Presently, cold chain equipment is far less than what is required. The EPI Directorate has chalked out the minimum requirement criteria at each level of health facility. The EPI Directorate is tapping many potential sources for the provision of cold chain equipment. It has been planned to get complete cold chain in two steps. In the first step, keeping in mind the present working status of cold chain equipment, all the health facilities in the rural areas will be supplied with cold chain equipment. In the second step, all the cold chain equipment supplied before 1990 will be replaced.
All the outlived equipment should be replaced. At least 10% additional equipment should be made available at the district level as buffer stock, to be used in case of emergency replenishment.
For the safety of equipment in the prevailing condition of power fluctuations, it is mandatory that all equipment be protected with stabilizers. Similarly, all the EPI stores should be equipped with generators as back-up apparatus in case of power failure, with adequate allocation of fuel. Solar / kerosene oil refrigerators should be arranged for non-electrified health facilities to establish EPI center.
Maintenance and regular update of temperature record of every cold chain equipment are the only tools for monitoring cold chain integrity.

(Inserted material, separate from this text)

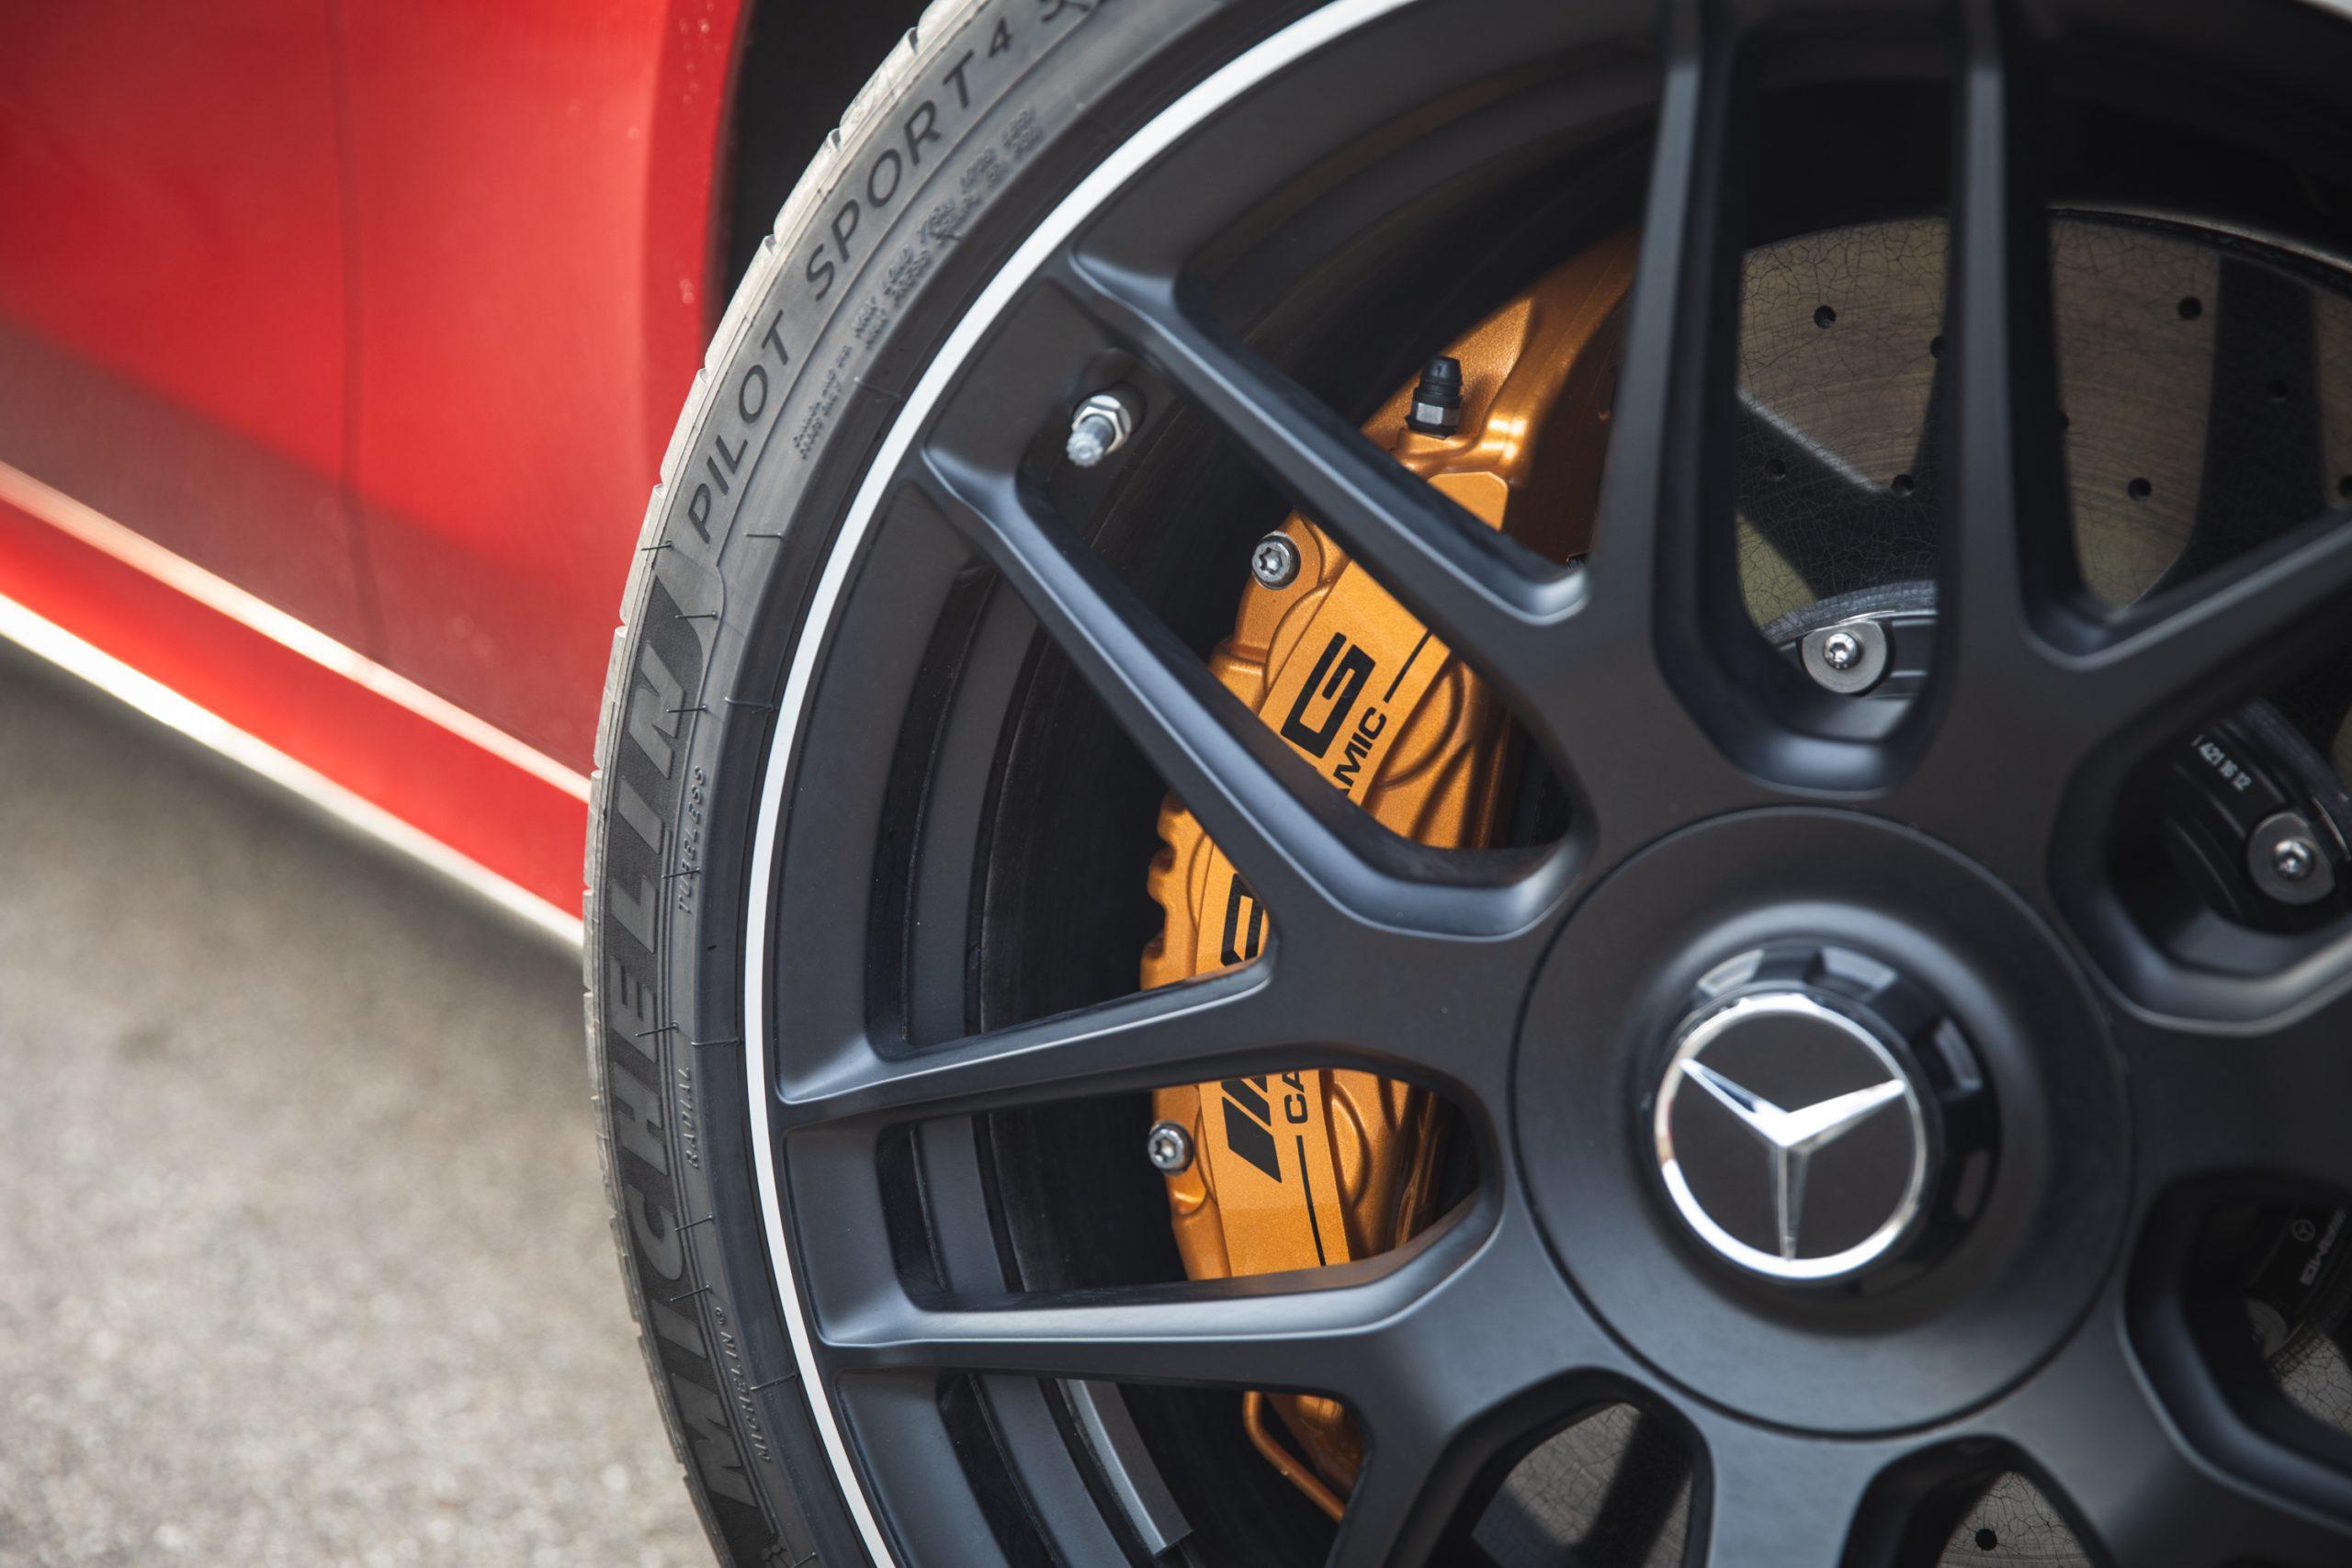 2021 Mercedes-AMG E63 S wagon wheel tire detail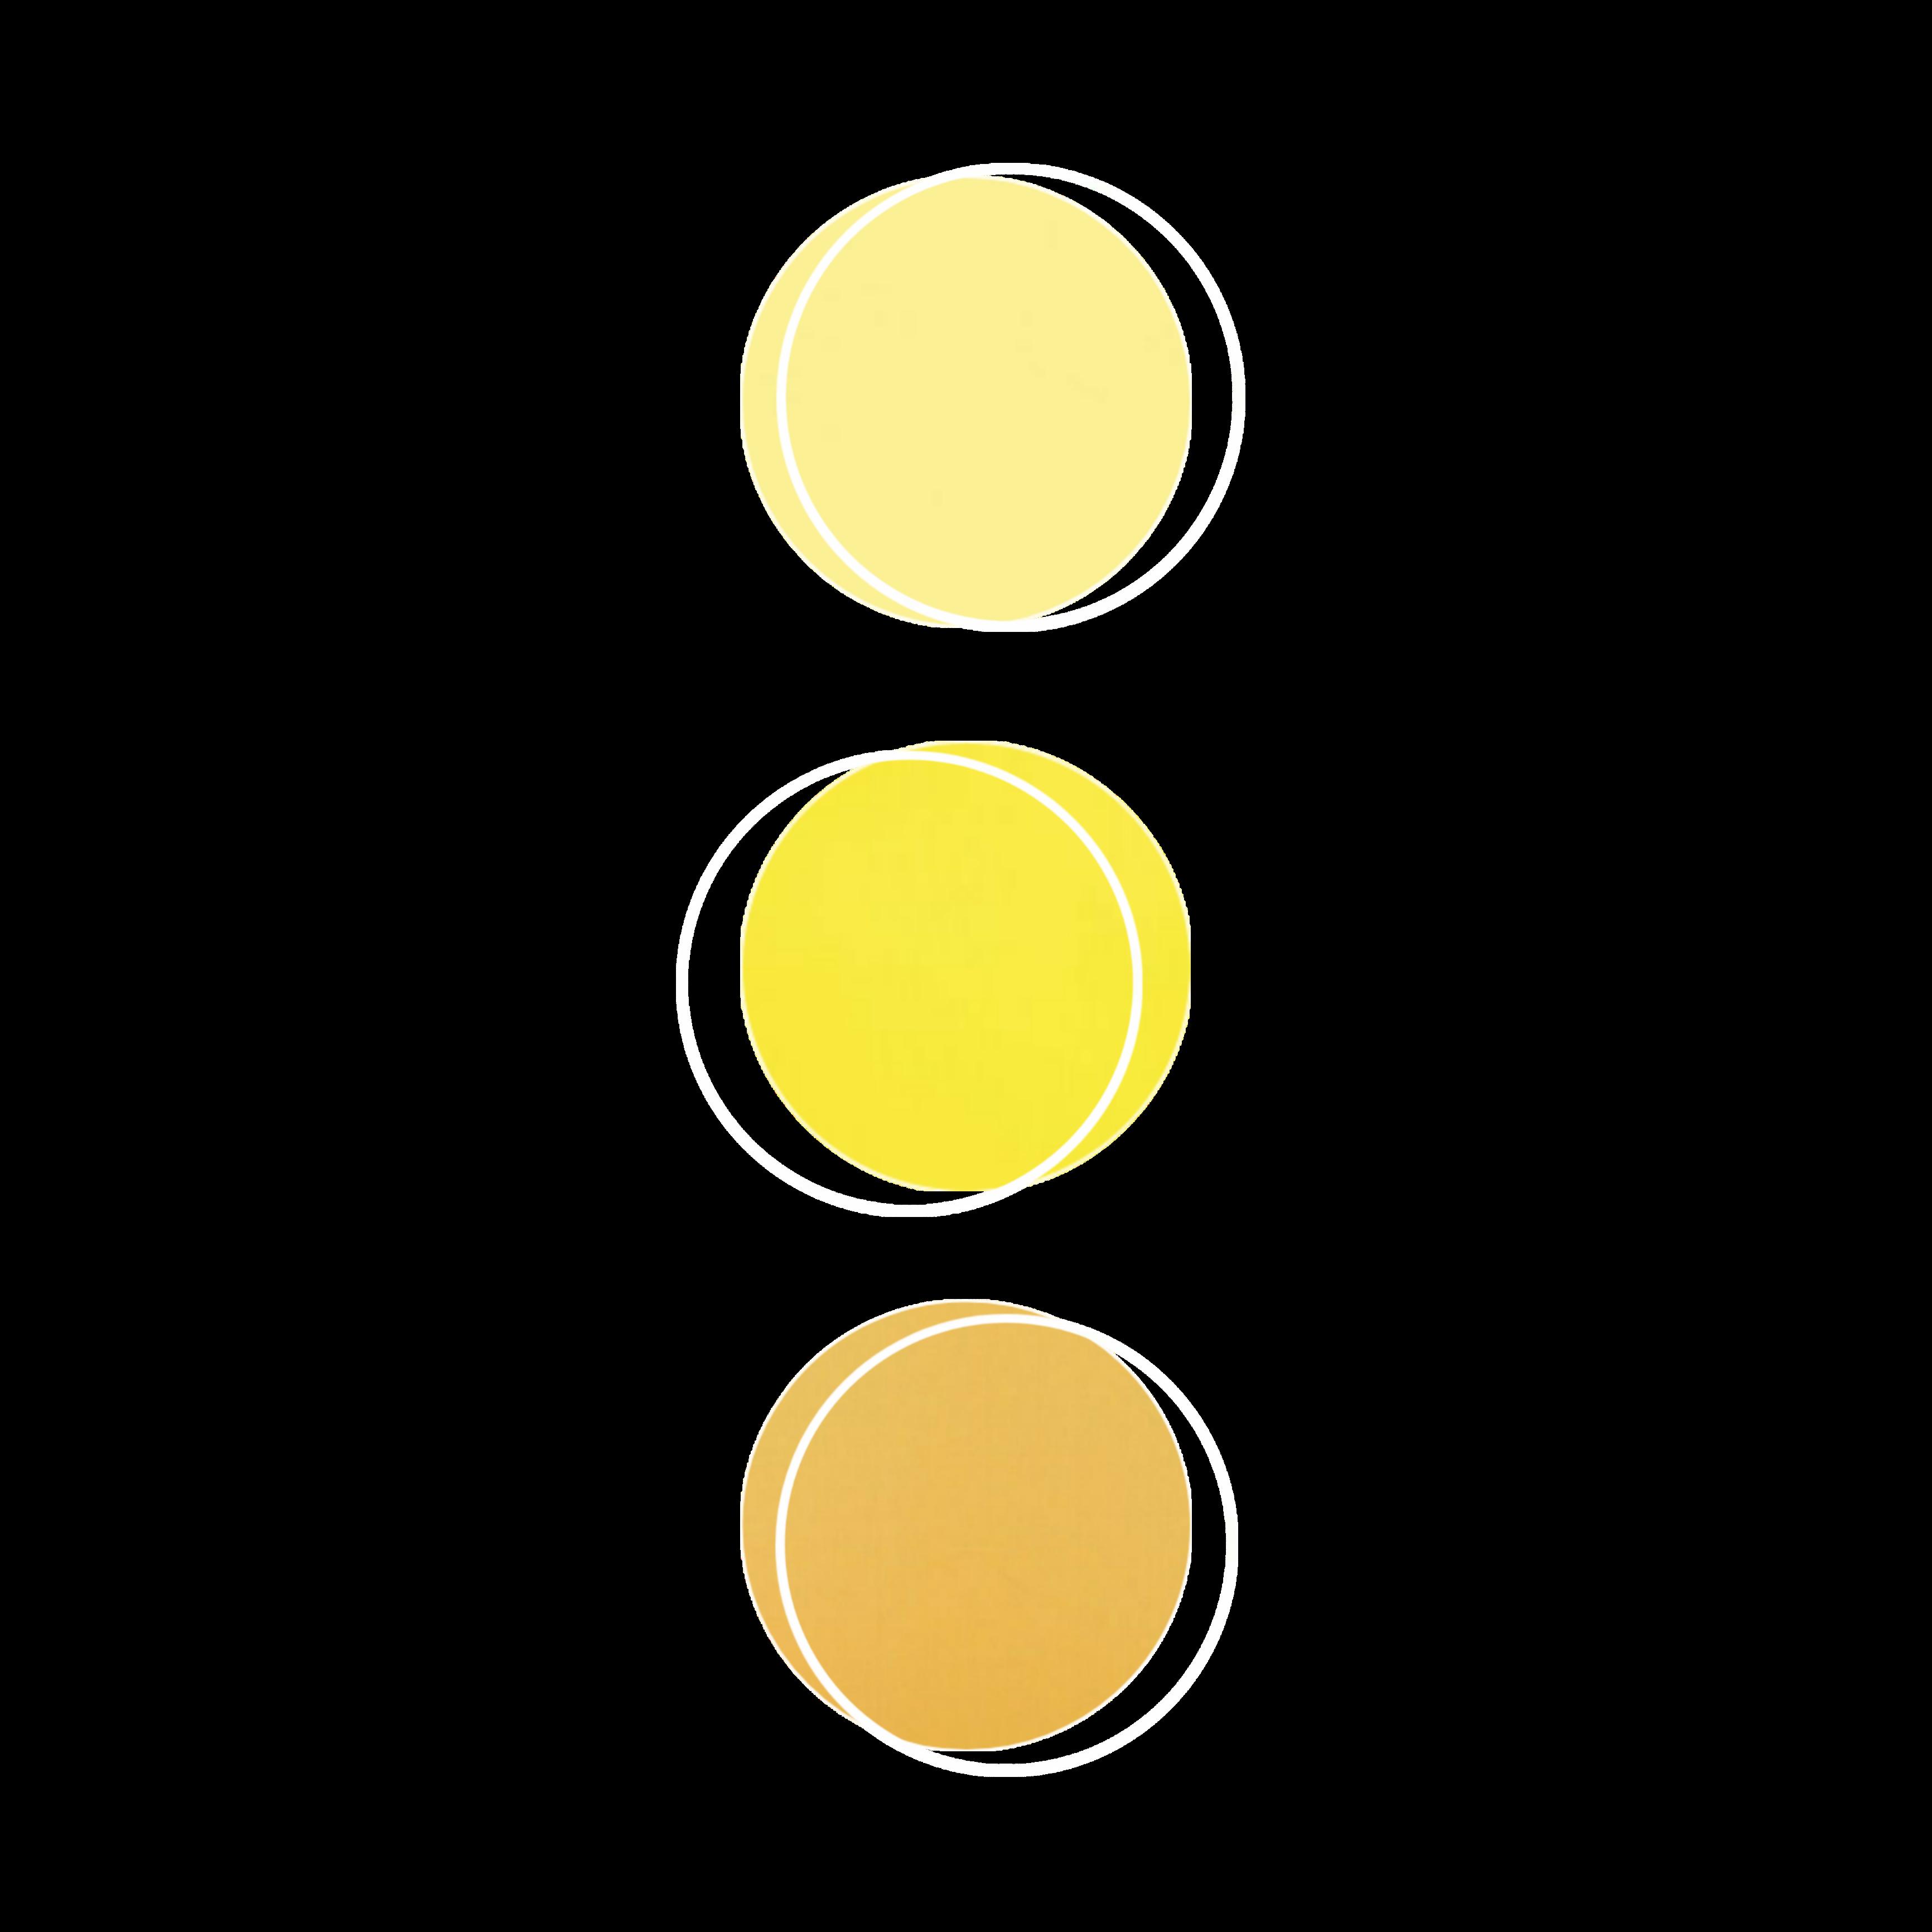 Aufkleber Von Spicyytaee In 2020 Paper Background Texture Aesthetic Stickers Yellow Palette

All the cold chain equipment must have a thermometer. All efforts should be made to get the health facilities electrified.
The cold chain technicians at the divisional level should be made responsible for the maintenance of the cold chain equipment in the entire division. Regular training of staff involved in the maintenance of cold chain equipment should be top priority.
Government should be approached for earmarking of budget for the repair and maintenance of cold chain equipment.